Fictional character biography
As explained in Ghost Rider (vol. 2) #77, the physical stone body of the demon Zarathos had lain inert and inanimate beneath the Earth for eons until his spirit was summoned by a Native American tribal sorcerer named K'Nutu to help his tribe. Zarathos was then offered a steady supply of souls to consume in exchange for his aid in vanquishing enemies of the sorcerer's tribe and for offering his might in their service. This alliance proves mutually beneficial and flourishes. A strong cult builds up around Zarathos, which gets the attention of Mephisto, who decides that Zarathos has too much of a following and is depriving him and the other Lords of Hell of souls. Mephisto eventually confronts Zarathos and defeats him (by the deceptive use of his soulless pawn, Centurious).

Zarathos is then forced to serve Mephisto for many centuries in the Netherworld, an extra-dimensional land of the dead sometimes called "Hell", though still powerful enough to avoid total confinement. Mephisto sends his unruly vassal back to Earth on occasion, binding him to human hosts and allowing him to ravage souls (albeit on a smaller scale). In modern times, Zarathos is bound to Johnny Blaze; the combined Blaze/Zarathos entity manifests as a leather-clad flaming skeletal wraith known as the Ghost Rider, ultimately serving the side of "good" while still using hellish means, which earns the Ghost Rider a reputation of fear and Johnny Blaze a never-ending sense of guilt. As time progresses, Zarathos would occasionally from time to time reassert his control over Johnny Blaze's and his composite form.  Zarathos was temporarily separated from Johnny Blaze by the Crimson Mage. Zarathos gained additional control over the Ghost Rider, becoming more violent. As the Ghost Rider, he re-encountered Centurious. Johnny Blaze had grown stronger, causing an eventual clash over Blaze's physical body, as Mephisto temporarily frees Zarathos to compete with Johnny Blaze for his freedom. Before it can reach that point, Centurious (Mephisto's champion who defeated Zarathos thousands of years before) returns and has his pawn the Sin-Eater use his Soul Crystal to suck Blaze's soul from his body. This greatly weakens Zarathos who, without Blaze's soul, finds himself dying, for as a demon, and thus truly not of the Earth as mortals are, Zarathos cannot maintain himself upon the Earthly plane unless he possesses the physical body of a mortal. Using the last of his strength, Zarathos splits the crystal in half, freeing not only Blaze's soul, but innumerable souls that had been consumed by it in the past. Before the crystal merges back into one piece, it sucks Centurious inside as well. Zarathos feels cheated out of his revenge against Centurious, but with the help of the now-dying Sin-Eater, the demon manages to transfer his essence into the crystal. Johnny Blaze is now free from the curse that Mephisto placed on him many years before and the first existence of the Ghost Rider comes to an end.
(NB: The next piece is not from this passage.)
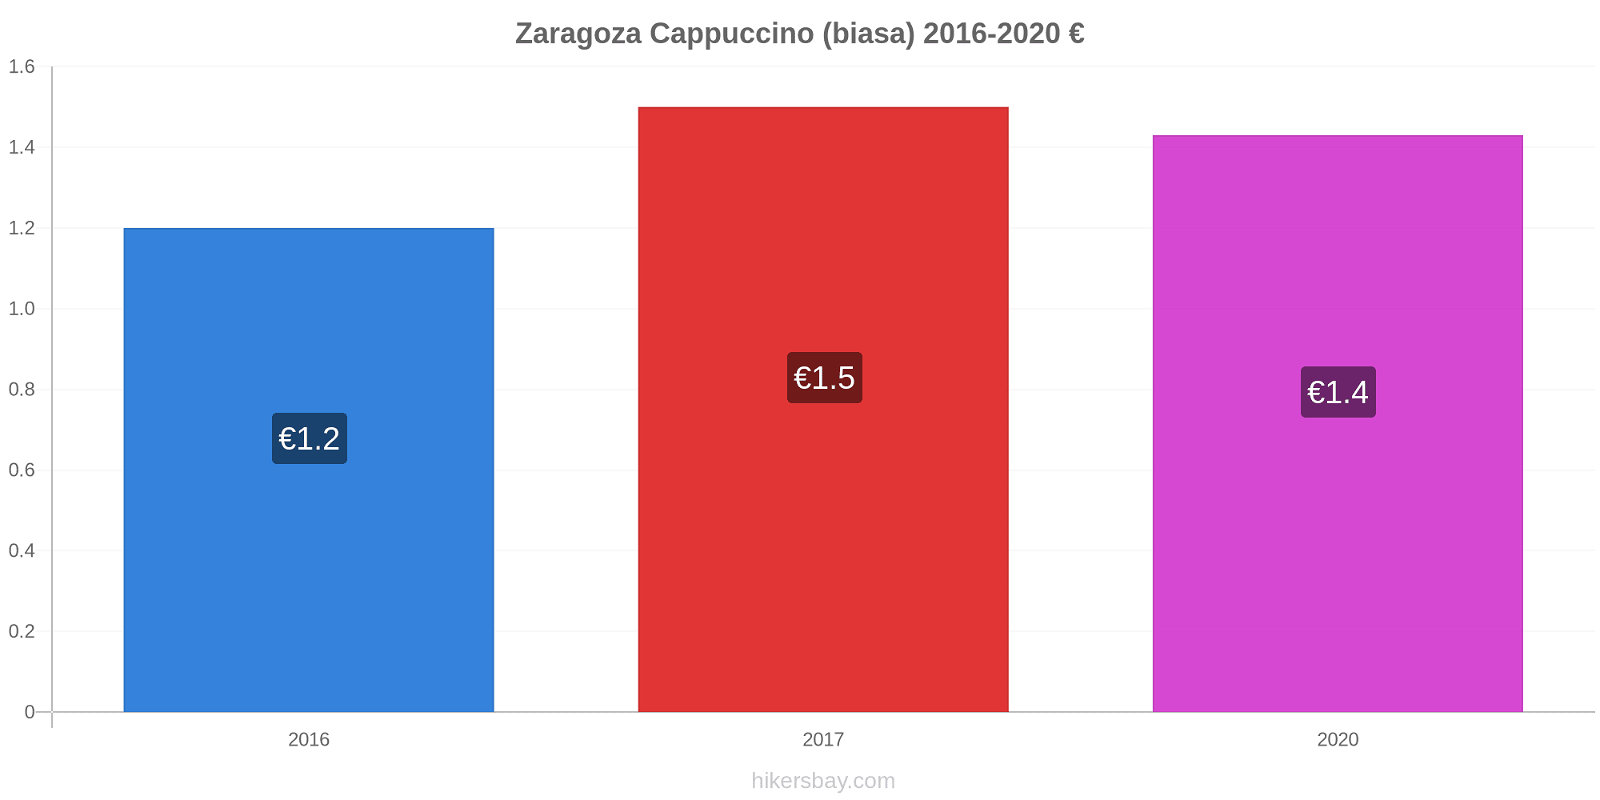 Zaragoza perubahan harga Cappuccino (biasa) hikersbay.com

Near the climax of the events of Secret Wars II, the Beyonder, angered at humanity and the entire plane of existence, travels to Hell and informs Mephisto of his plan to erase all existence contained in this universe. Mephisto pleads with the Beyonder not to commit such an act, going so far as to make a bet with him. The Beyonder agrees, under these terms: he chooses both a champion to represent him and a separate champion to represent Mephisto; if Mephisto wins, the universe will be given a 24-hour reprieve from destruction, but if the Beyonder wins, not only will he erase the universe from existence, he will give his champion ample time to exact revenge on Mephisto himself. The Beyonder chooses Spider-Man as Mephisto's champion and decides that Zarathos will be his own champion. Zarathos' goal is not only to corrupt Spider-Man's spirit and morals, but to prevent Spider-Man from stopping an assassination attempt on the Kingpin. Spider-Man overcomes Zarathos' nightmarish attempts at corrupting him and saves the Kingpin's life; thus, the Beyonder (after re-imprisoning Zarathos inside the Soul Crystal) allows the universe one more day to exist (during that additional day came the Beyonder's defeat and seeming death).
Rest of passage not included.